Сева меня туда привел, что-то заставил почитать, хозяева мастерской как-то так радостно ржали, и им все понравилось. Почему-то было принято в качестве одобрения смеяться. Они меня читали уже, но слышали впервые. Кстати, может быть, даже именно Сева заставил меня тогда читать мои первые концептуалистские тексты, про которые я думал, что их нельзя читать вслух. Я считал, что их нужно рассматривать, что это в большей степени визуальный объект, чем аудиальный. Когда мы пришли, Сева говорит: «Почитай!» (а мы очень быстро на «ты» перешли), я говорю: «Разве это можно читать?», – а он: «Да попробуй!». Я почитал, и вот все с таким радостным ржанием выражали свое одобрение, а потом что-то говорили, я уж не помню что, но что-то приятное.

Я тоже сразу полюбил работы Эрика, а Олега, надо сказать, чуть-чуть позже, потому что он был человеком очень скромным, и вел себя скромно, и был слегка заслонен, конечно, своим ярким другом Булатовым. Олега я оценил – и причем очень высоко – чуть позже. А в то время: «Ну, Олег, да, хороший, но Эрик – гений, а Олег хороший», – потом мне стало казаться, что Олег тоже гений. Вот так мы и стали общаться, регулярно встречаться, я стал к ним приводить своих друзей поэтических, по-моему, я же и познакомил Эрика с художником Файбисовичем, с которым они потом тоже сдружились.

Это была удобная локация, потому что все жили тесно, а тут много пространства, так еще и в центре города. Эрик так любил Севу и поэзию вообще, что всегда откликался на эти Севины призывы и устраивал поэтические вечера. Я пару раз там сольно выступал. Хорошо там было всегда, содержательно, запоминательно.

Посещения Эрика происходили так: он звонил в какой-то момент, допустим в среду, и говорил: «Что ты делаешь в пятницу вечером?» Я говорю: «Не знаю пока, а что?» – «А я закончил работу. Хочу тебя и еще нескольких друзей-приятелей позвать, посмотреть новую работу, а потом посидеть».

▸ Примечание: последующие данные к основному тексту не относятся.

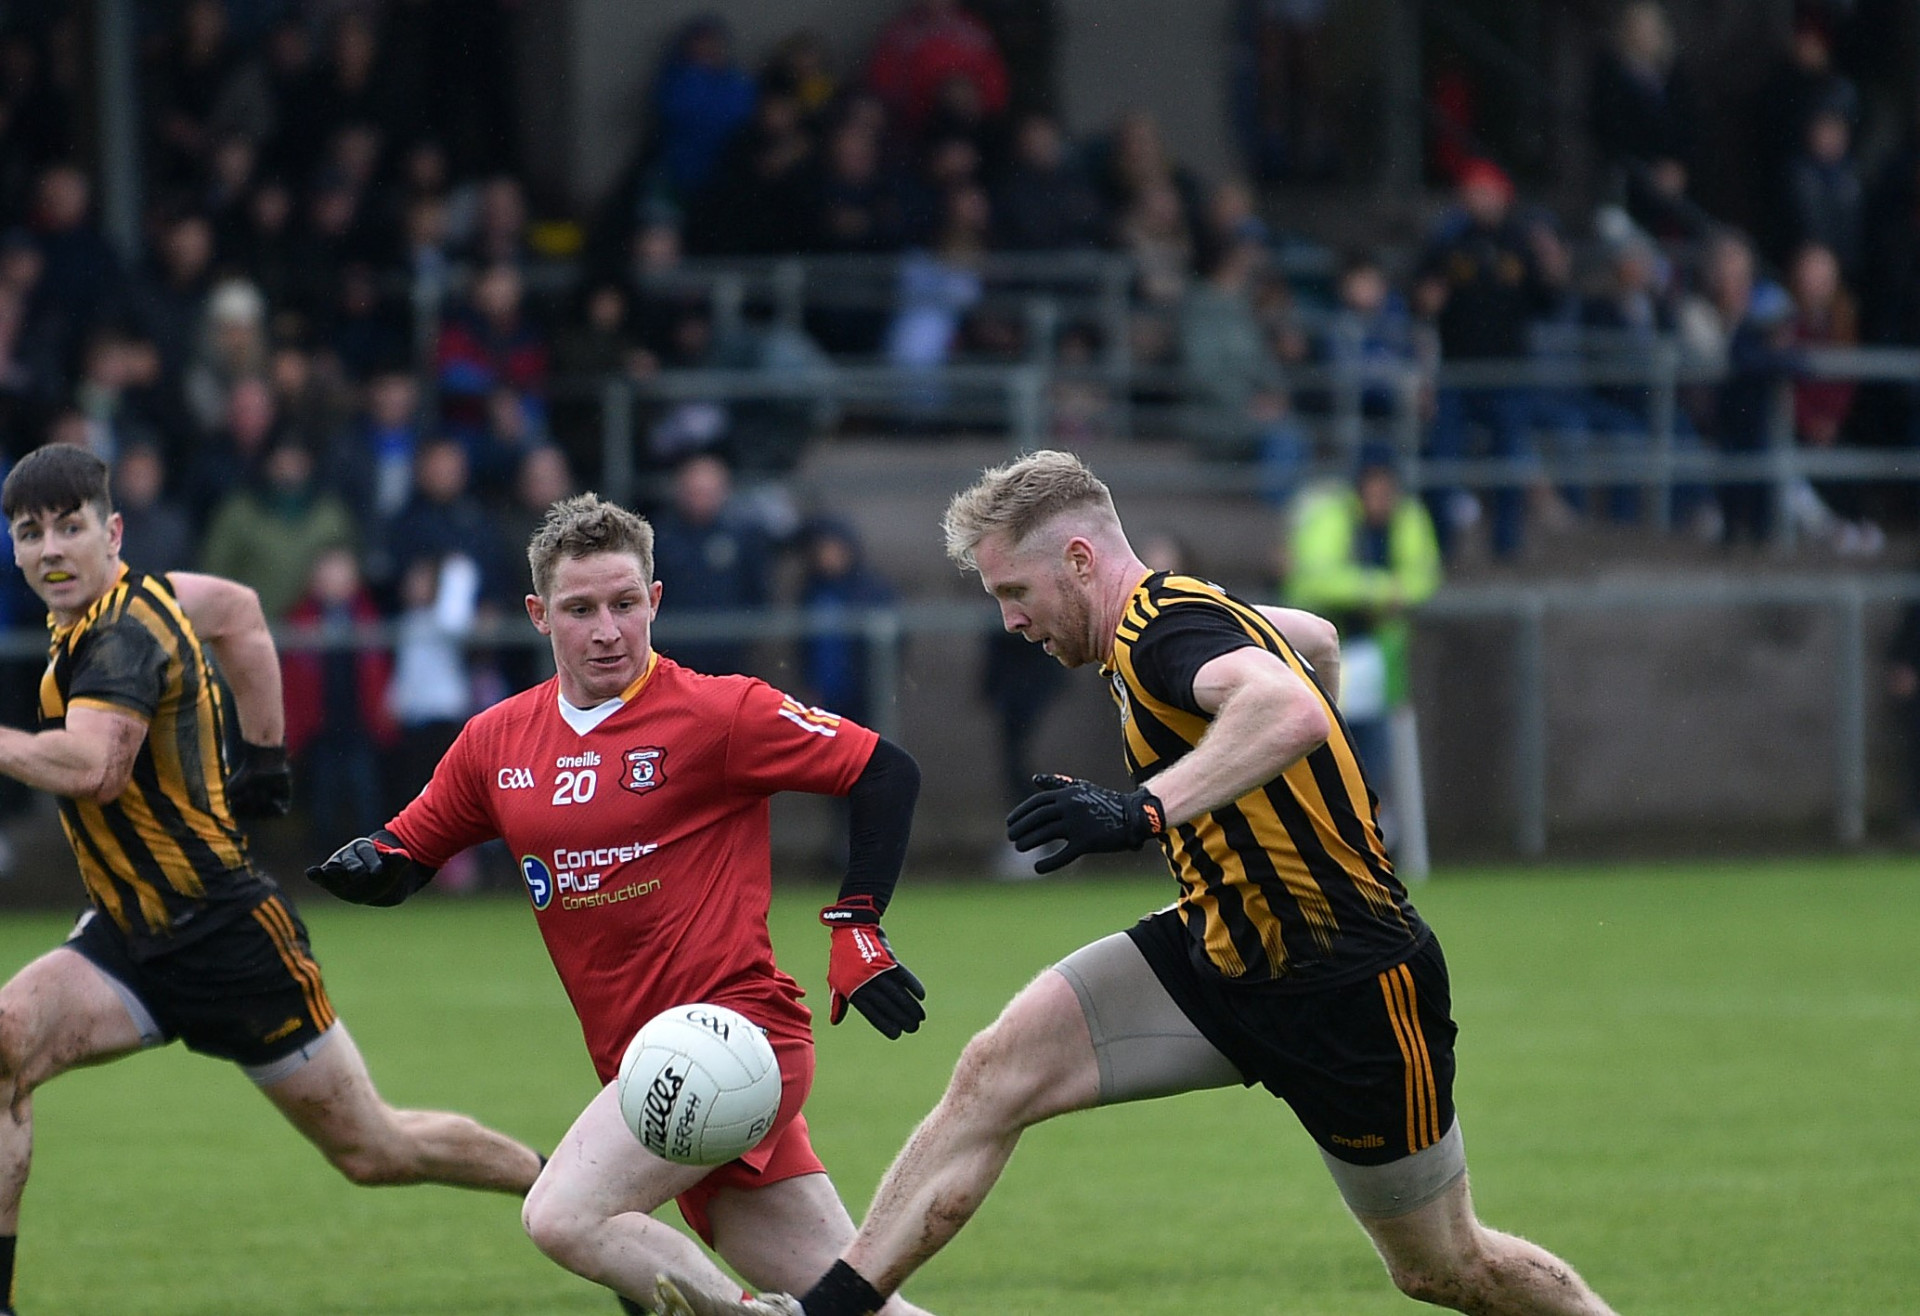 Pomeroy boss McElholm pleased with opening performance

Это было такое счастье для меня невероятное, потому что посещение мастерских: кабаковской, булатовской, – и к Вите Пивоварову в подвал мы ходили – это в то время было просто как попасть в оазис, потому что окружающая нас советская унылая жизнь казалась настолько беспросветной, что мастерские были таким окном в настоящий мир. Мастерская Булатова и Васильева была одной из таких отдушин. Каждый что-нибудь приносил: кто выпивку, кто пирожные, смотрели новую работу, заодно старые; потом все садились за стол и разговаривали, очень содержательно, бесконечно дружественно.

Слово – очень важный аспект жизни Эрика Булатова. Я знал многих художников, но вся эта компания (Булатов, Васильев, Илья Кабаков, Витя Пивоваров) меня привлекала своей связью со словом. Это были люди не только с мощным литературным вкусом, но и с литературным даром: они все очень хорошо писали и продолжают писать. У меня есть несколько книг Пивоварова – это просто здорово, Кабаков блестяще знал литературу, Эрик – превосходный рассказчик, автор статей, манифестов.

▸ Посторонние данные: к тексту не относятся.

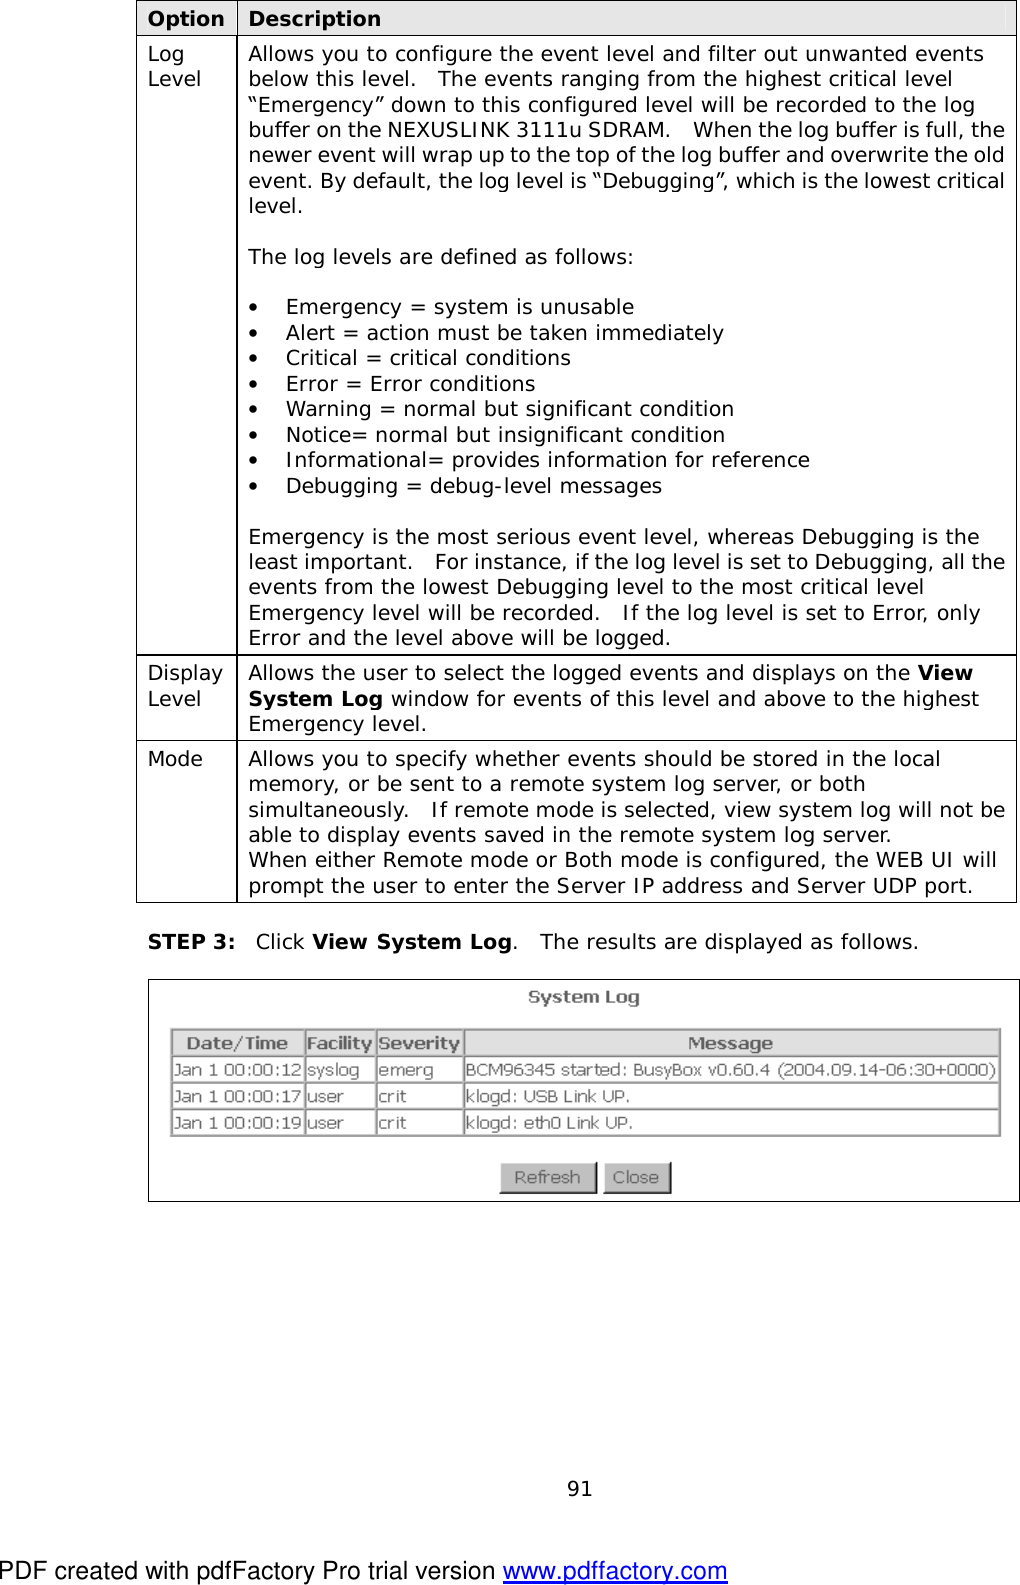  91 Option Description Log Level  Allows you to configure the event level and filter out unwanted events below this level.  The events ranging from the highest critical level “Emergency” down to this configured level will be recorded to the log buffer on the NEXUSLINK 3111u SDRAM.  When the log buffer is full, the newer event will wrap up to the top of the log buffer and overwrite the old event. By default, the log level is “Debugging”, which is the lowest critical level.   The log levels are defined as follows:  •  Emergency = system is unusable •  Alert = action must be taken immediately •  Critical = critical conditions •  Error = Error conditions •  Warning = normal but significant condition •  Notice= normal but insignificant condition •  Informational= provides information for reference •  Debugging = debug-level messages  Emergency is the most serious event level, whereas Debugging is the least important.  For instance, if the log level is set to Debugging, all the events from the lowest Debugging level to the most critical level Emergency level will be recorded.  If the log level is set to Error, only Error and the level above will be logged. Display Level  Allows the user to select the logged events and displays on the View System Log window for events of this level and above to the highest Emergency level. Mode  Allows you to specify whether events should be stored in the local memory, or be sent to a remote system log server, or both simultaneously.  If remote mode is selected, view system log will not be able to display events saved in the remote system log server.   When either Remote mode or Both mode is configured, the WEB UI will prompt the user to enter the Server IP address and Server UDP port.  STEP 3:  Click View System Log.  The results are displayed as follows.   PDF created with pdfFactory Pro trial version www.pdffactory.com

Мне всегда казался главным в искусстве любой элемент синтеза, когда и поэт немножко художник, и художник немножко литератор. На мой взгляд, современное искусство вообще не имеет межвидовых и межжанровых границ в принципе, потому что через искусство художник репрезентирует собственную личность, собственную персону. Эрик, конечно, всегда очень органичен в этом смысле.

Мы и сформировались как авторы и как личности в процессе такого бесконечного разговора. Я бы сформулировал так: важнейшим из искусств является искусство общения. Мы все время разговаривали, потому что существовали в андеграунде, в неофициальной ситуации. В нашей среде до поры до времени не было таких институций, как критика, анализ, искусствознание – приходилось самим все это делать, самим теоретизировать. Такое перекрестное опыление было взаимным, потому что очень важным элементом жизни оставалось общение.

Наши многолетние семинары Эрик посещал постоянно. В первую очередь его интересовал ближайший друг Всеволод Некрасов. Рискну предположить, что я его тоже интересовал, потому что на мои вечера он тоже всегда приходил, всегда что-нибудь говорил неожиданное и лестное для меня. Даже сам его приход был лестным, все-таки это были выдающиеся старшие товарищи.

Так жаль, что на семинарах никто ничего не записывал, не осталось архива. Это было драгоценное общение, но я не могу ничего вспомнить, кроме ощущения. Наши разговоры были не столько творческим анализом, сколько попыткой сформулировать то, что мы друг к другу хорошо относимся. Не помню на этих семинарах не только резкой, но и осторожной критики в адрес друг друга. Это, может, было плохо, но, видимо, в то время необходимо, потому что мы жили в таком враждебном окружении, что ходили друг к другу за дружественными словами и поддержкой.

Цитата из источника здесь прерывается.